3. Run experiments or run the application using the updated prompt.
4. Modify the prompt locally in my IDE. I can then push the prompt back to Phoenix as a new candidate version.
### Using a prompt in production
If I am managing prompts in Phoenix, I might want to know which traces are associated with a given prompt. This can be useful as you can track the effectiveness of a prompt over time and see if certain tweaks result in better performance under real-world conditions.
### Testing an alternative prompt template on an LLM Span
Say I used a prompt template to invoke an LLM, I then want to re-use the data stored on the span to test an alternative prompt template.

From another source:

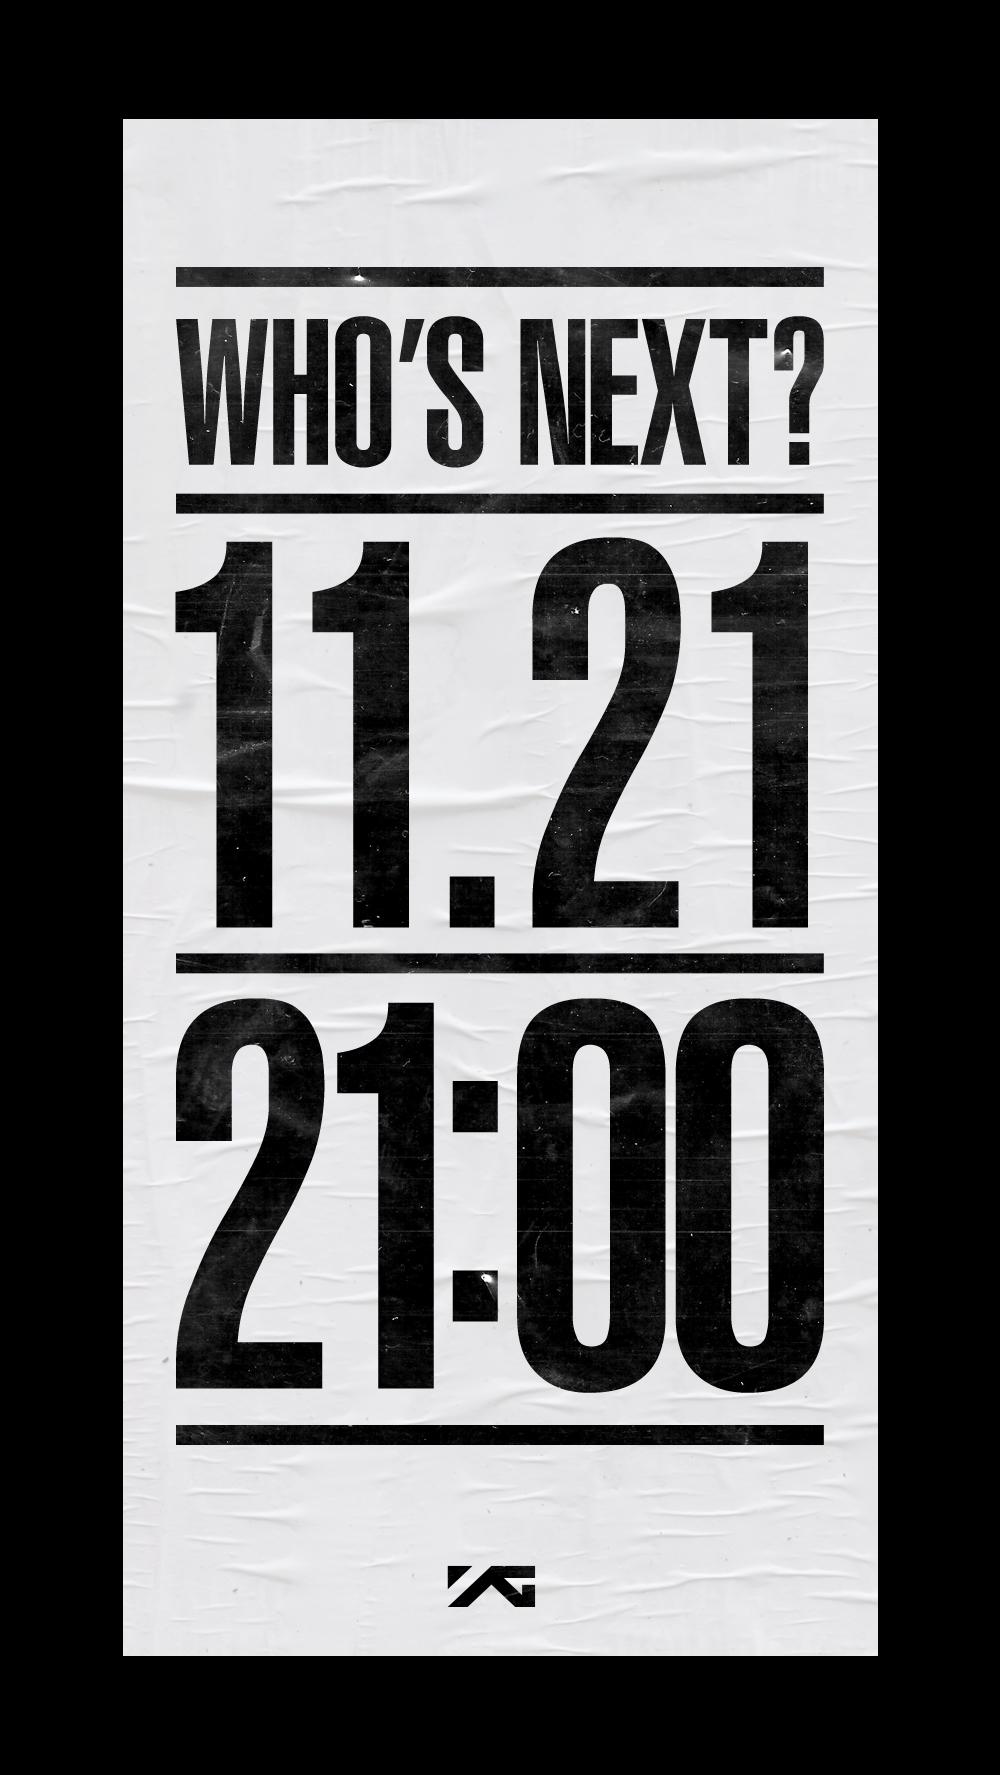 就在不久前,YG的網站上出現了這個預告!時間選在21日,公布日期是晚上9點(21點)!這麼敏感的數字,大家就在猜,該不會是2NE1的回歸吧?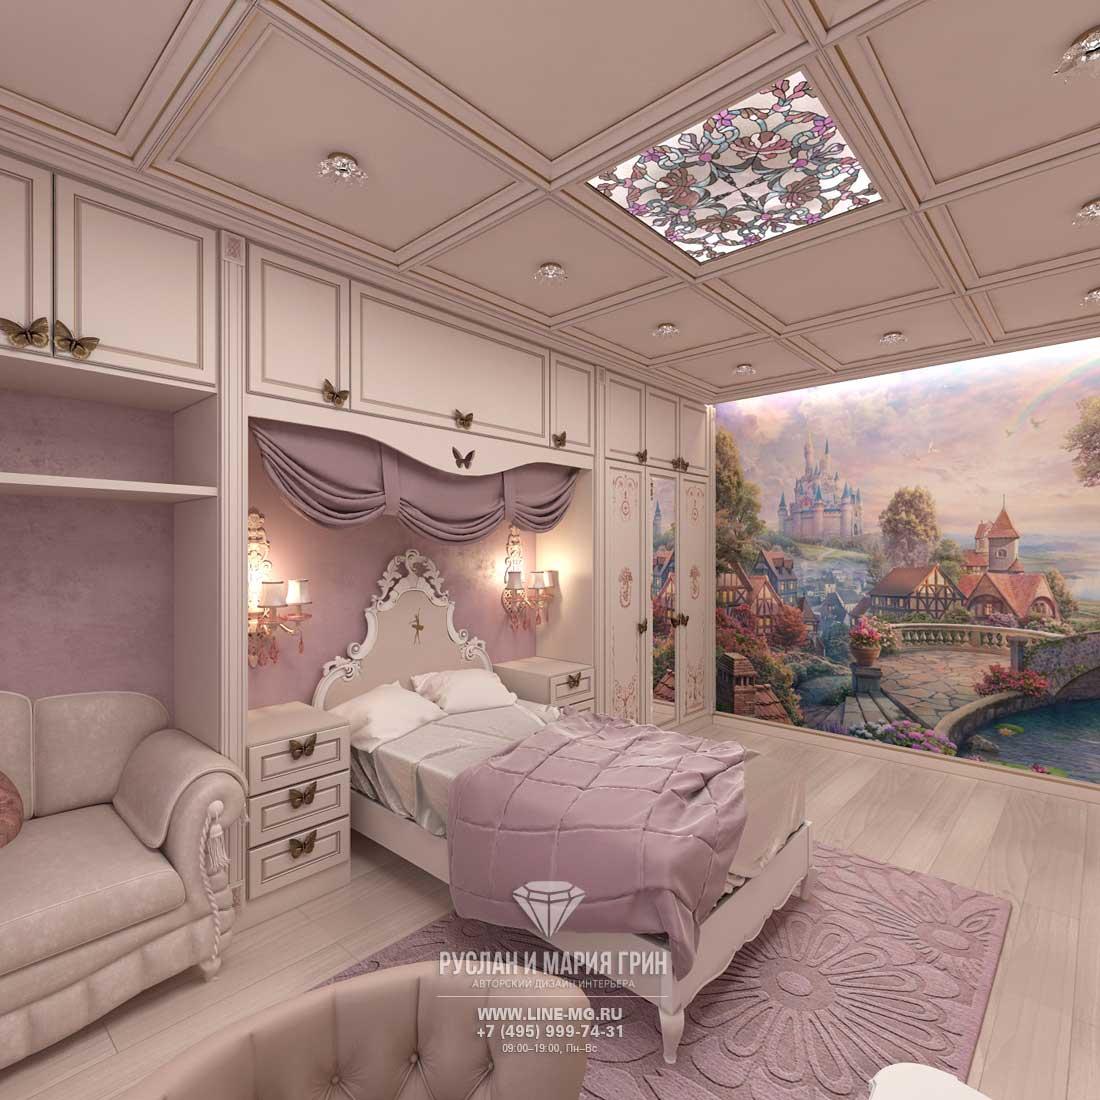 Дизайн красивой квартиры. Фото интерьера детской в классическом стиле

1. I export the span to a dataset
2. I load the dataset in step 1 into the prompt playground
3. I load the prompt template into the playground
4. I iterate on alternatives to the prompt template
## Technical Considerations
Prompt templates are really an artifact that should live as close as possible to the source code. For that reason if you are relying on Phoenix to be a source of truth of the template, there should be mechanisms to reduce this risk. Some options include:
- caching
- syncing
### Server-Side Catching
A solution to server-side caching would be to carefully structure the URL of the REST APIs so that caching occurs at the network level. In addition to this, the server could also cache certain versions of the prompt template (notably a tagged version).
### Client-Side Caching
We will leverage the SDK to cache the prompt templates locally after pull. This will allow for faster access to the prompt templates and will reduce the number of requests to the server. The client should operate to always try to pull off the network (unless using a version specifier). In the case of a network failure, the client should use a cached version of the prompt template. If there is no cache, we might want to consider a graceful fallback.